Atma Türküler

OĞUZ’dan Derlenen Atma Türküler./ Dr. Emine Kırcı*

Türk Halk Kültüründen Derlemeler

2300 nüfuslu bir Karadeniz köyü olan Türkelli (adını 2009 da değiştirmiş, OĞUZ olmuştur), Trabzon’un Beşikdüzü ilçesine bağlıdır. Çevresindeki Resullü, Aruz (Dolanlı), Çakırlı köyleriyle de son Bütün Şehir Yasası ile mahalle olmuşlardır. Ancak tüm bu köyler Oğuz adı ile konuşulur, dışarda böyle bilinir.

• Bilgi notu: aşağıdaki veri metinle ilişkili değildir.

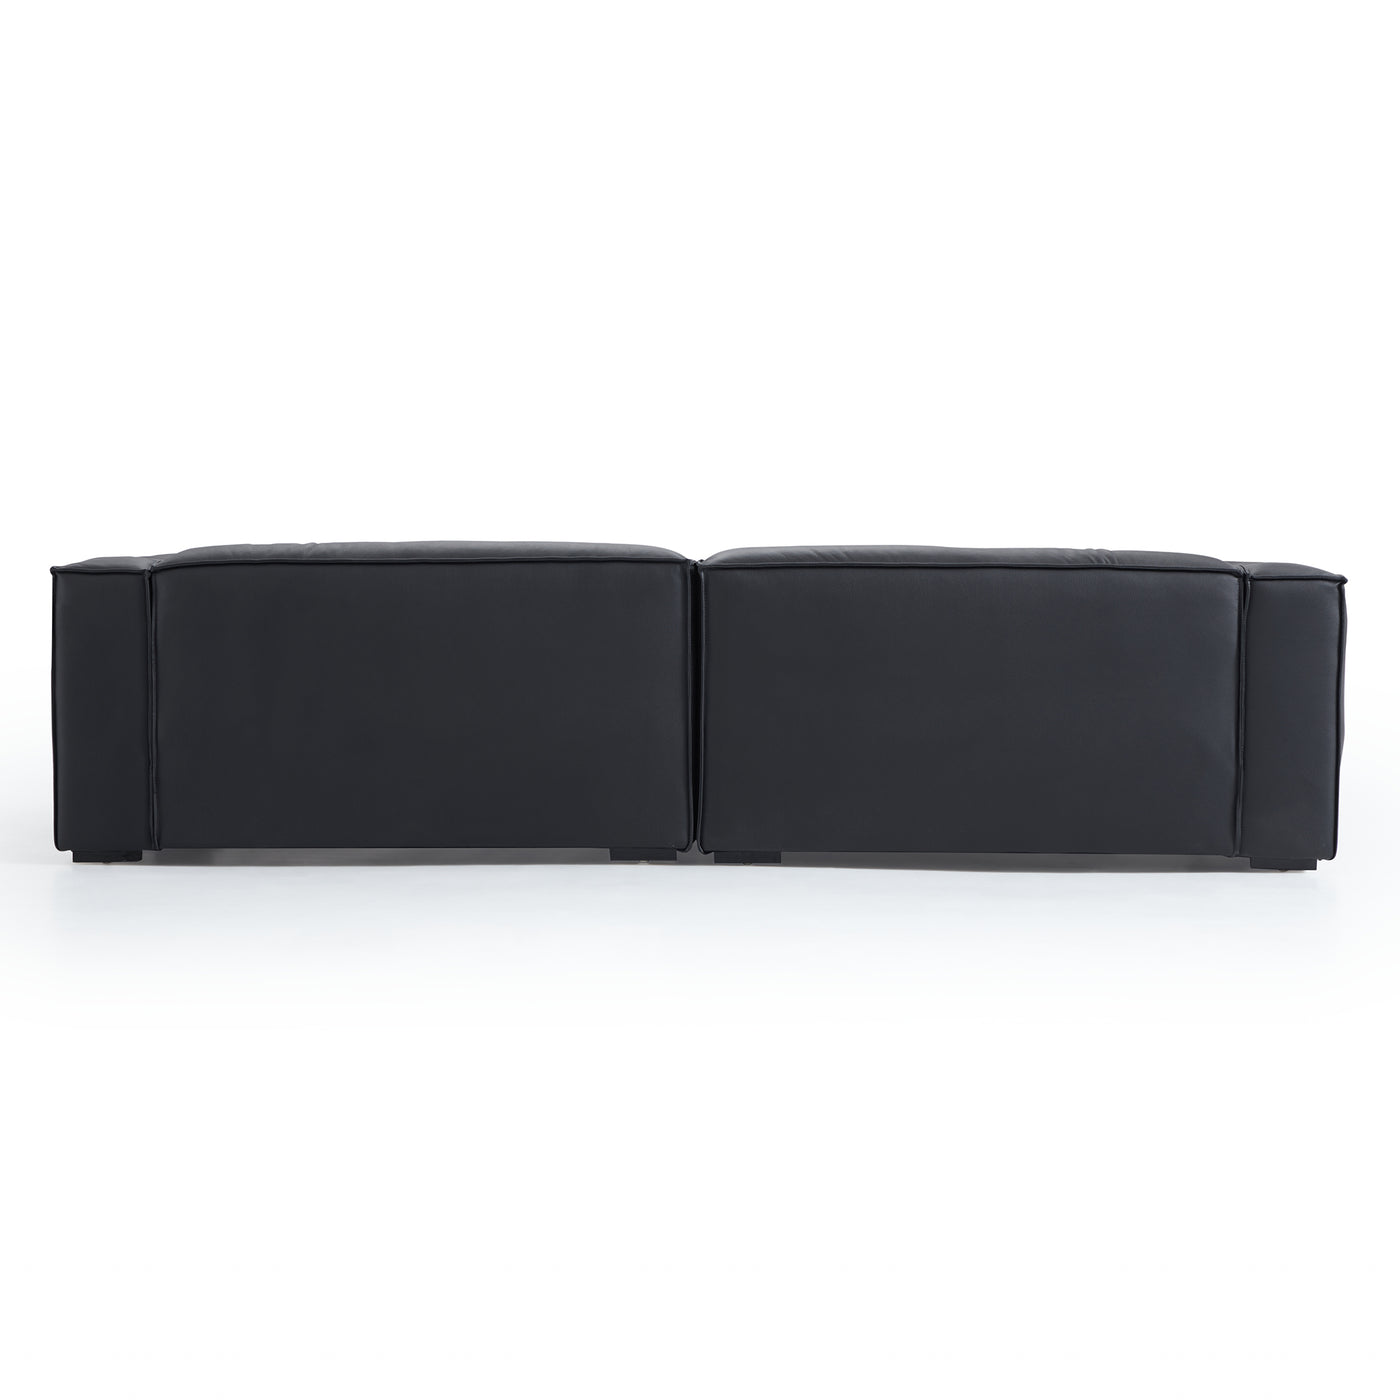 Luxury Minimalist Black Leather Daybed Sofa-Black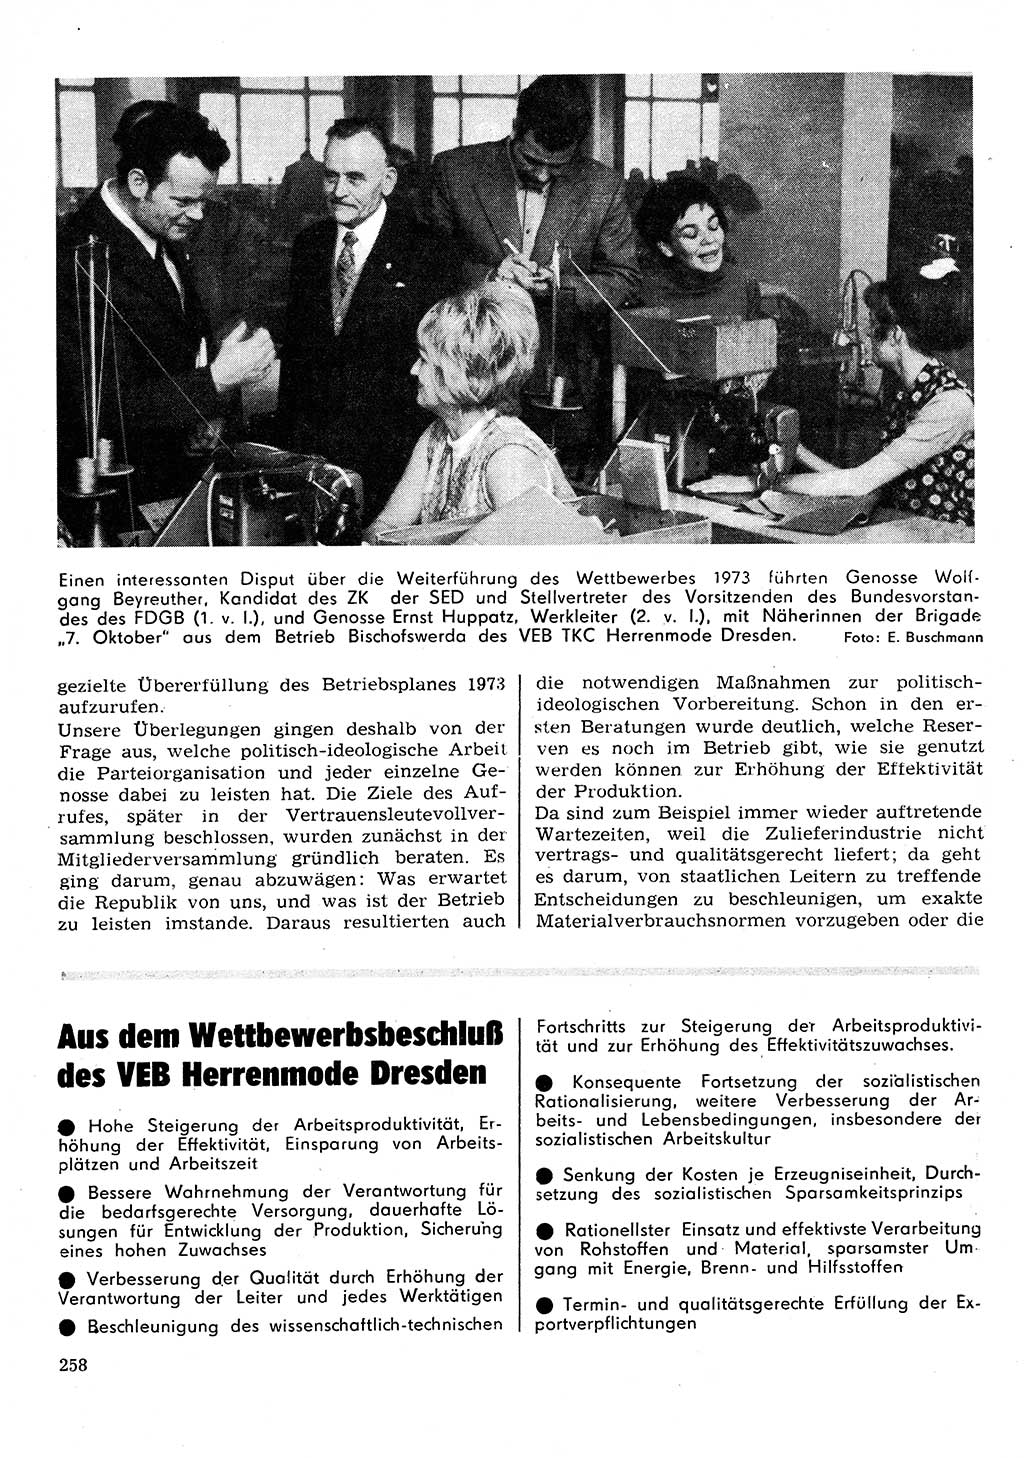 Neuer Weg (NW), Organ des Zentralkomitees (ZK) der SED (Sozialistische Einheitspartei Deutschlands) für Fragen des Parteilebens, 28. Jahrgang [Deutsche Demokratische Republik (DDR)] 1973, Seite 258 (NW ZK SED DDR 1973, S. 258)

Bu nedenle türkülerde Türkelli yerine Oğuz adı geçmektedir.

Karadeniz’ in atma türkü özelliği burada da bütün canlılığı ile yaşamaktadır. Asker uğurlarken, çay veya fındık toplarken, tarlada çalışırken, evde herhangi bir iş yaparken söylenen bu türküler her şeyden önce iş türküsü niteliği taşımaktadır. Atma türkü yanı sıra “kesme türkü” ve “yakma türkü” adları da verilen bu türküler düğünlerde kemençe eşliğinde oyun havalarıyla da söylenirler.

1987 – 88 yılları arasında, sohbetler esnasında yazarak tabii ortamda tarafımdan derlenmiştir.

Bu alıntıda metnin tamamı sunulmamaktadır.